6. Schedule your day around your “Keystone Habit”:

In the book, “The Power of Habit,” Charles Duhigg coined the term, “Keystone Habits.”

Essentially these are habits that people introduce into their routines that unintentionally carry over into other aspects of their lives.

For me personally, running, is my keystone habit as it helps me to make better food choices going forward, gives me clarity when I write, and helps me to be more patient.

I used to always run first thing in the morning. However, recently I have been switching it up determining on what I have going on each day and reserve the energy boost around key moments — before meeting with a client, sitting down to write or giving a presentation — and it has made a world of difference.

Establishing good habits is important. However, so is when you choose to do them.

7. Make a list of the things that, “Do not make you feel worse after doing”:

noah kagan, CEO of Appsumo and what seems to be an all-around cool guy, once wrote a post about the importance of identifying things that you, “Do not feel worse after doing.”

For example, going to the gym sucks, but have you ever finished exercising and thought to yourself that you feel worse after going?

Make a list of 10 small things you, “Do not feel worse after doing,” and plug them into your day during the times that you need a boost. It can be as simple as calling your partner and saying, “I love you.”

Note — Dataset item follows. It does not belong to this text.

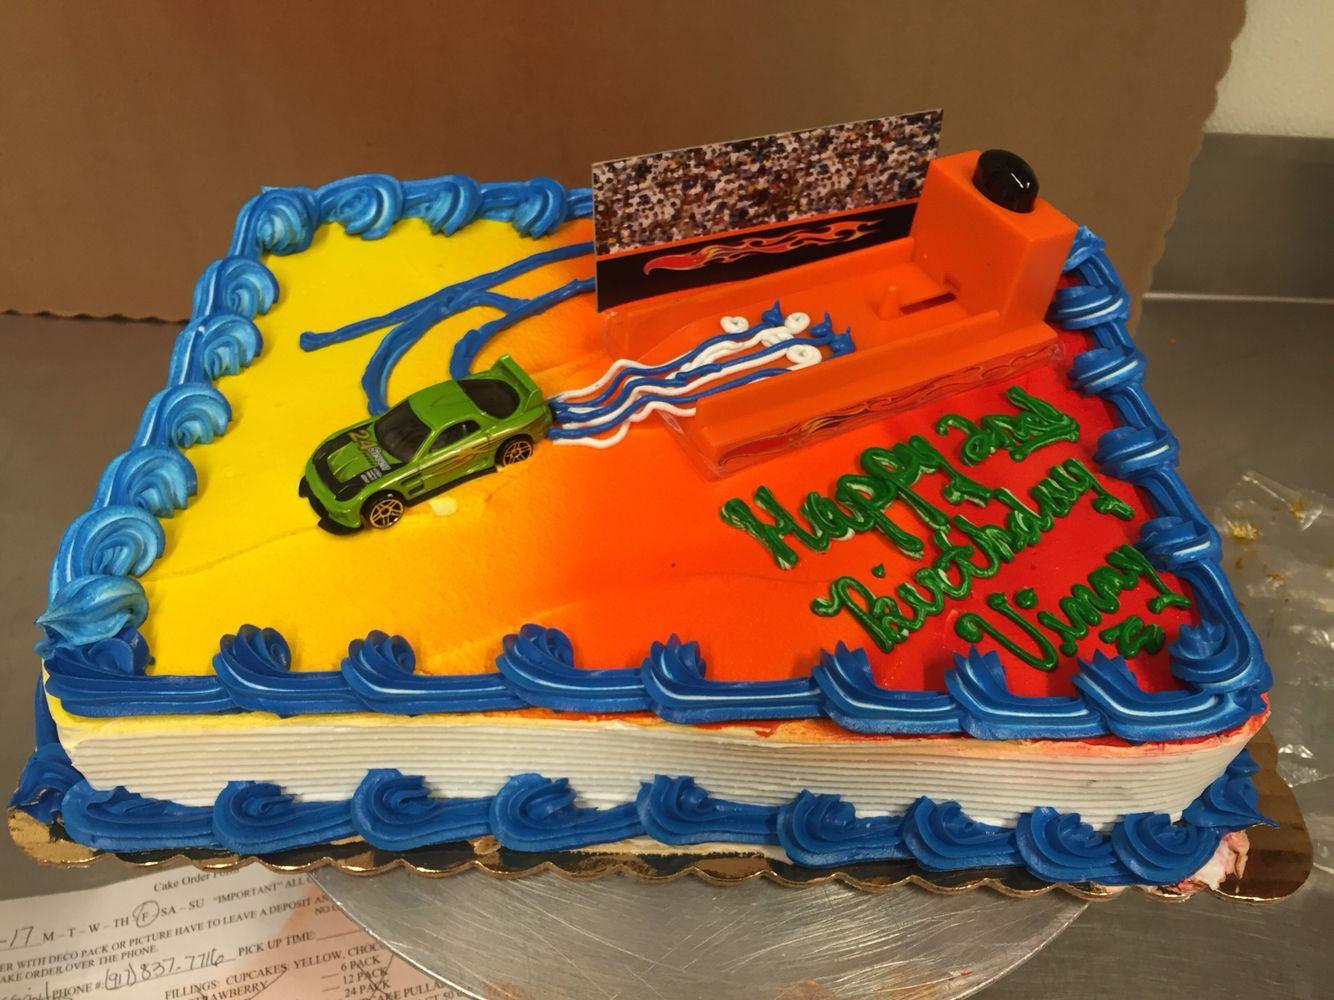 Hot Wheels Deco 1 4 Sheet Cake Ms Cake Boss Hot

8. Make time to be thoughtful:

Think about the people in your life that took the time to write out handwritten holiday cards this past year. They seem to be doing alright for themselves right? Not a coincidence.

The people in my life who are the most productive are also the most thoughtful. Money just happens to be a byproduct of what they do and who they are. These same people make their calls, but they also take two days out of their schedule to hop on a plane to meet a potential client face to face, if only for an hour lunch.

There is real power in doing something that others recognise took time on your part.